Хосе Рисаль - Не прикасайся ко мне
— Мой зять ничего не сделал, а на нем наручники!
Ибарра повернулся к жандармам.
— Свяжите меня, только покрепче, локоть к локтю! — сказал он.
— Нам это не приказано.
— Связывайте!
Солдаты повиновались.
Появился альферес верхом на коне, вооруженный до зубов; за ним следовало еще десятка полтора солдат.
У каждого арестанта были в толпе родственники, которые просили за него, плакали по нем или называли его самыми нежными именами. Только о Ибарре никто не сокрушался: даже Ньор Хуан и школьный учитель исчезли.
— Что вам сделали мой муж и мой сын? — с плачем говорила Ибарре Дорай. — Взгляните на моего бедного сына! Вы его лишили отца.
Скорбь уступила место гневу. Все родственники пострадавших обрушились на юношу, упрекая его в том, что он — зачинщик мятежа. Альферес приказал увести заключенных.
— Ты трус! — кричала Ибарре теща Андонга. — Когда другие дрались за тебя, ты прятался, трус!

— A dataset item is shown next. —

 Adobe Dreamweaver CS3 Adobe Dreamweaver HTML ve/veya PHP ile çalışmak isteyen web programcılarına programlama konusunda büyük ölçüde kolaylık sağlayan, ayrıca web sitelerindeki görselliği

— Будь проклят! — сказал ему вслед какой-то старик. — Будь проклято золото, накопленное твоей семьей, чтобы нарушить нашу мирную жизнь! Проклятый! Проклятый!

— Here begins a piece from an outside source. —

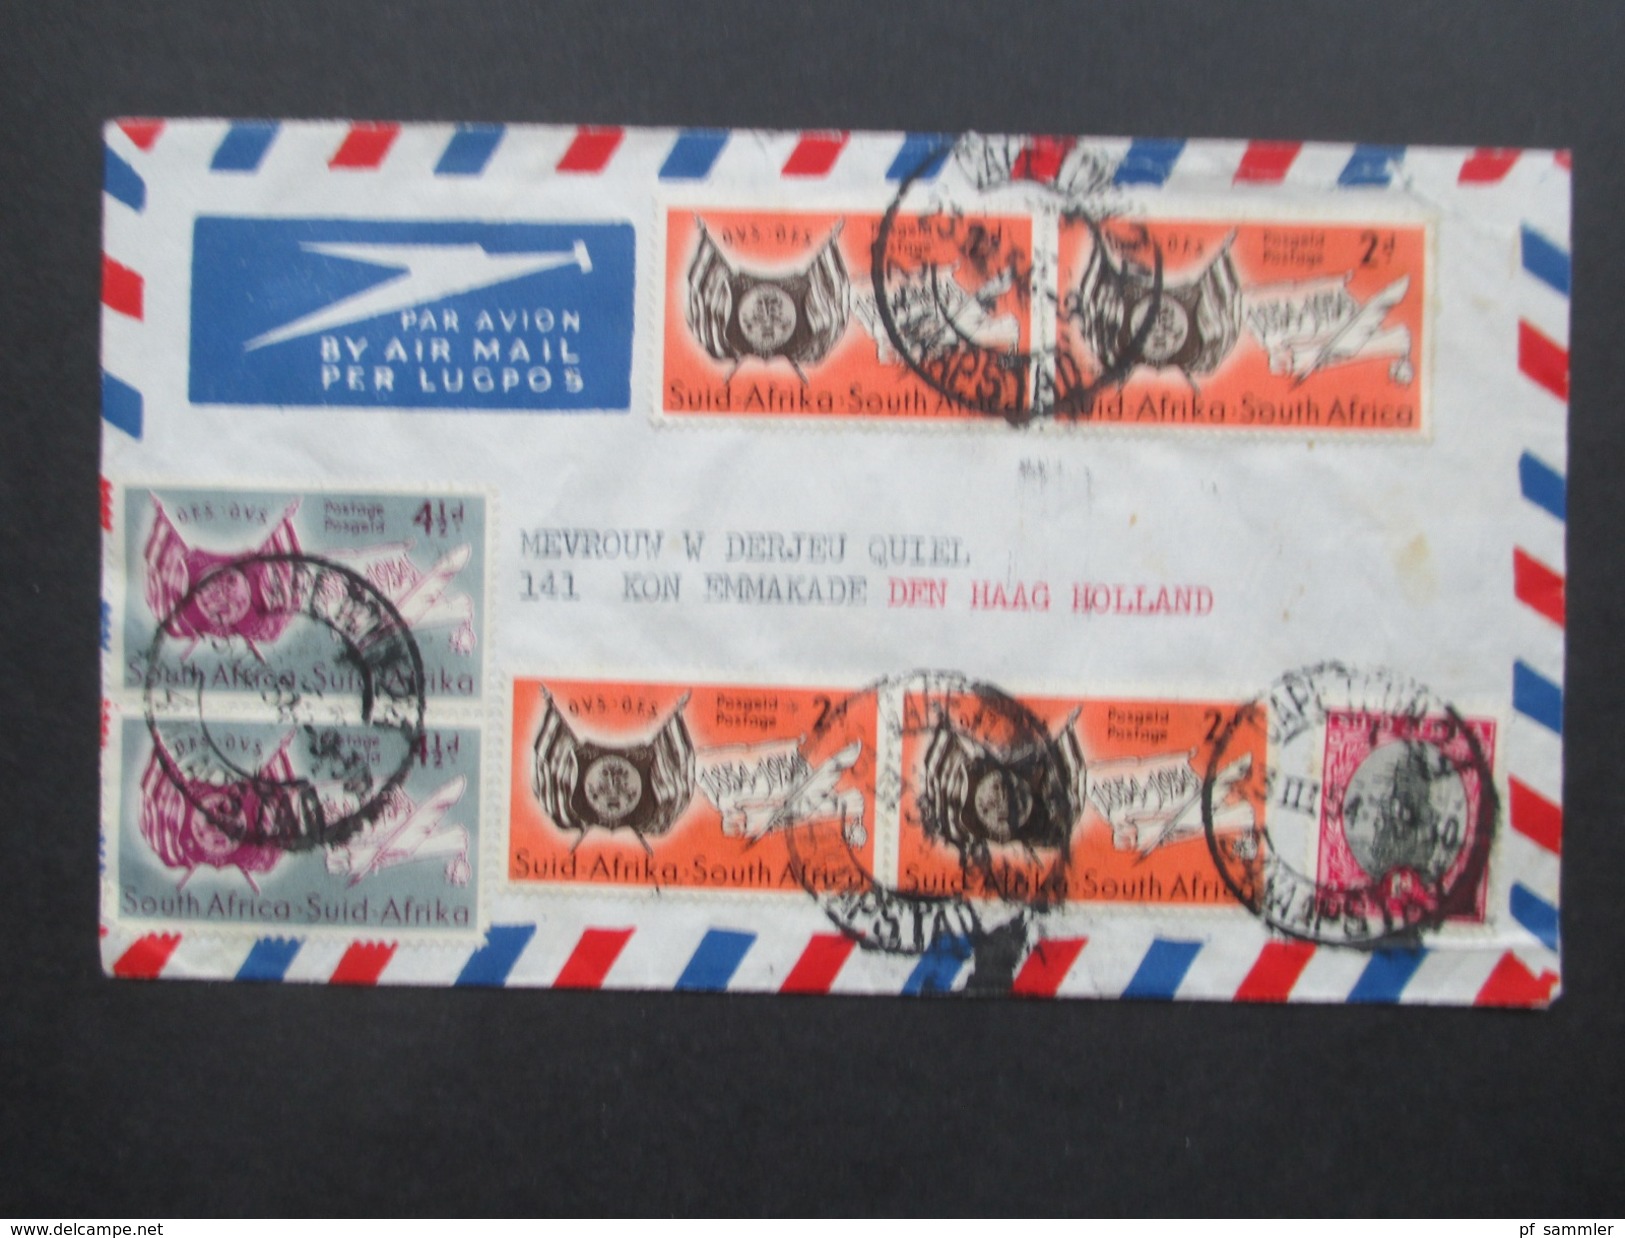 Südafrika Capetown 1954 Brief Mit Interessanter MiF Nach Den Haag Holland. Luftpost / Air Mail - Storia Postale

— Чтоб тебя повесили, еретик! — кричала родственница Альбино; в неистовой ярости она схватила камень и швырнула его в Ибарру.
Ее примеру тут же последовали другие, и на несчастного юношу посыпался град камней и комьев земли.
Ибарра сохранял спокойствие; без возмущения, без жалоб сносил он справедливый гнев этих обезумевших от горя людей. Таково было напутствие, прощальное слово его города, где оставалось все, что было дорого его сердцу. Он опустил голову. Быть может, ему вспомнился человек, которого били на улицах Манилы, и старуха, упавшая замертво при виде головы своего сына; или, быть может, история Элиаса пронеслась в этот миг перед его глазами.
Альферес распорядился отогнать толпу, но камни и оскорбления по-прежнему сыпались со всех сторон. Одна только мать не мстила Ибарре за свои страдания: это была капитанша Мария. Сжав губы, неподвижно, молча глядела она полными слез глазами, как увозят обоих ее сыновей, — истинная Ниобея, окаменевшая в немом горе[176].
Повозка удалялась. Кое-где на ее пути раскрывались окна; больше всего сочувствовали юноше чужие или попросту любопытные люди. Все его друзья попрятались, даже сам капитан Басилио, строго-настрого запретивший своей дочери Синанг оплакивать его несчастную судьбу.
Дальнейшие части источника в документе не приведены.